My sight arrived on Monday from www.midwayusa.com and I got it mounted right away. I ordered the Strikefire kit with the AR-15 specific extra-high ring. The ring is a fairly heavy duty six-bolt of the aluminum persuasion. I didn't use thread locker on it, but I did carefully torque everything down pretty well. You have to be careful with scope rings--especially aluminum ones because you can crack them from over-tightening, you can crush the scope tube, or you can break screws, or some combination of the above. Anyway, the ring is good stuff. The optic is NOT mounted in the ring when you receive it. You have to very fastidiously mount the bottom half of the ring to your AR, then level the optic, then place the top half of the ring on and tighten it down evenly. It's a lot easier than it sounds--especially if you've done it a million times before, which I have. (Well, maybe not a million, but nearly.)

The 2x magnifier cuts your field of view by at least half. I haven't tested it yet, but I plan to and I'll do an update accordingly. It is easy to install and remove, but doesn't come with any kind of carrying case (I bet an old 35mm film canister would work great) or lens protectors. For $150 though, I can forgive that and raid my dad's old photography supplies for an empty canister.

On the range, the Strikefire fires a clear warning shot across Aimpoint's bow. With the reticle in red mode, it is a dead ringer for an Aimpoint Comp M2. It has 10 daylight brightness settings, and two nightvision settings. In green mode, the dot seems brighter and blurrier, but James reminded me that the human eye is three times more sensitive to green light than red. The green dot is still pretty good, though I think I prefer red.

The adjustment turrets feel a bit weird at times. The elevation turret didn't have terribly positive clicks, but still made precise and predictable adjustments. The left/right turret had very positive clicks and also adjusted well. All around, fit and finish is more than you'd expect for a $150 red dot sight. The lens covers are sort of flexible rubber/plastic stuff that seems very durable and seals tightly. I absolutely love the control layout (below). It reminds me of an EOTech, but is more accessible if you're right-handed. Left-handed freaks lose out again I guess.
I don't have any real complaints, just some minor gripes. I wish it took AA batteries instead of CR2s. I also don't understand why the Vortex Optics logo is in white on the front of the battery cover (seen below).
Vortex has to know that this is going to be bought by zombie-slayers and weekend-ninjas, and having a huge white logo on the front of your optic isn't terribly tactical. I like the logo, but I think it would make more sense if it were in coyote tan or flat dark earth. I'm halfway tempted to buy a can of Krylon Ultra-Flat and paint this thing coyote tan myself. I'm really thinking hard about it.

With all of 110 rounds downrange, I think I really like this sight.
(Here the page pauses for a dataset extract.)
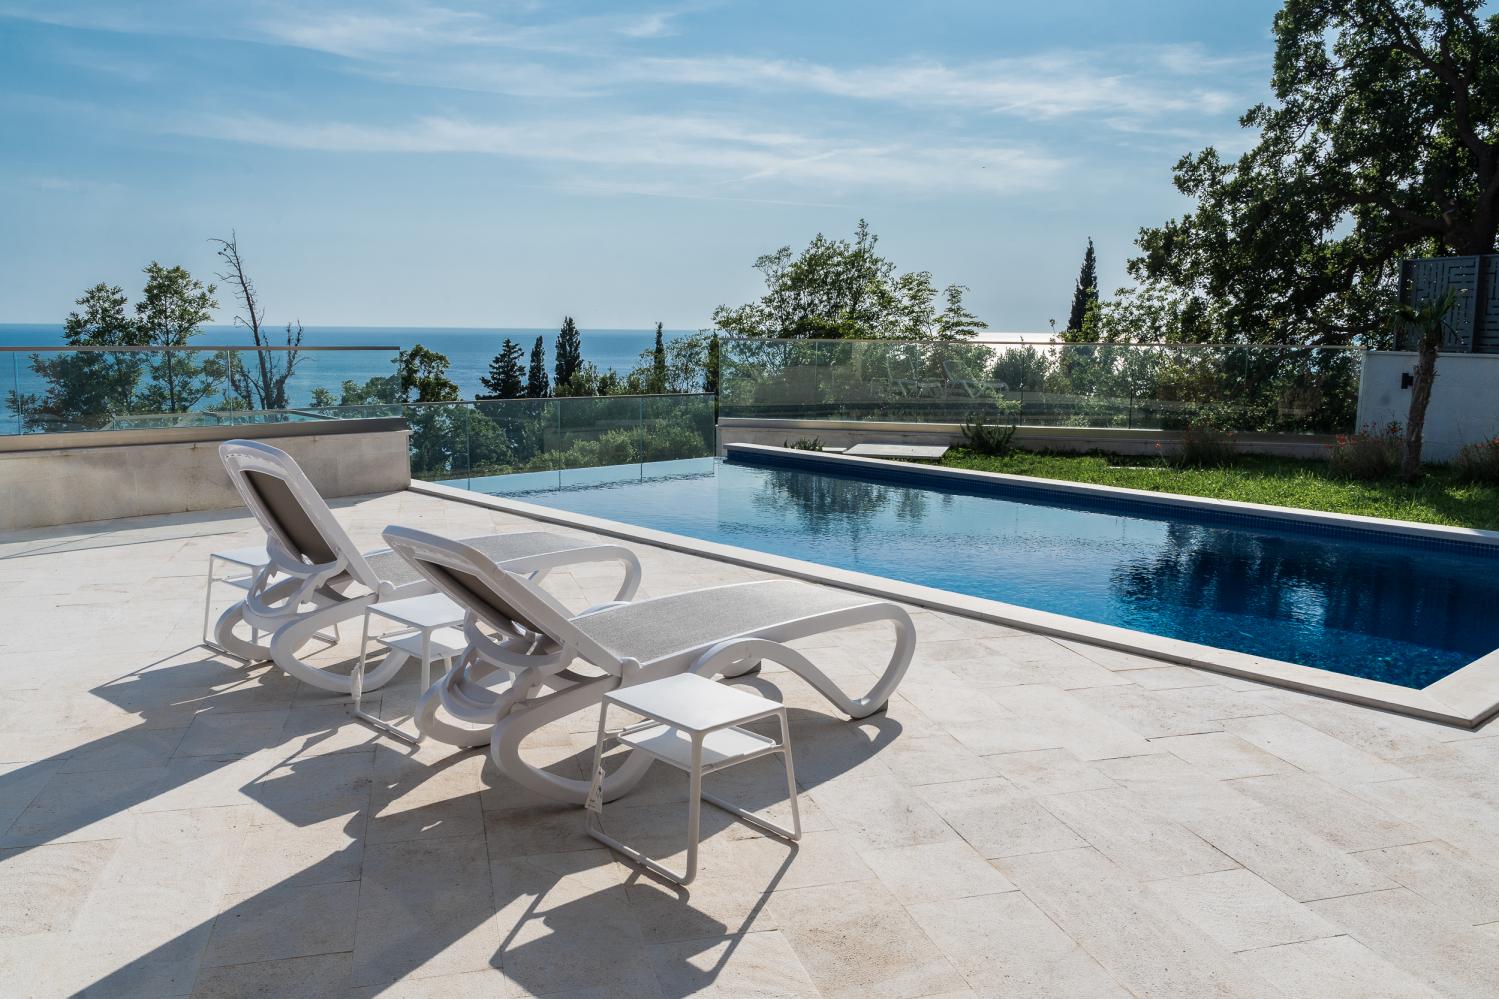 Нова луксузна вила од 346 м2 са погледом на море и базеном у Дробничију, Црна Гора

I have about half a case of Wolf ammo to burn up, so I may do that over Christmas vacation. If I can get a couple hundred rounds through this, I think it may very well earn the FLGN seal of approval. This could prove to be SERIOUS value for money.

Tuesday, December 1, 2009

Return To Broke Disc Mountain

James and I got together to test penetration again. He brought some of the old toys, and I brought some new ones.

This time the brake discs were from a 2005 Mazda RX8, which is a sports car, which means the brakes are bigger and badder than the ones we shot last time, which were from a Toyota Tercel. As you can see, if the bullet hits one of the fins between the layers, it faces one inch of steel. If it hits a void, it has nearly 3/4 of an inch to punch through.

We used James' TPD AXR (5.56x45mm NATO), Cugir TTC (7.62x25mm), and Steyr M9A1(9x19mm). I brought my S&W Model 64-3(38 Special), Cugir TTC (7.62x25mm), and Yugoslav M48B Mauser (8mm Mauser). The rifles were shot from just over 35 yards, and the handguns from 10 to 15 yards. Ammo varied, and I'll get to that later.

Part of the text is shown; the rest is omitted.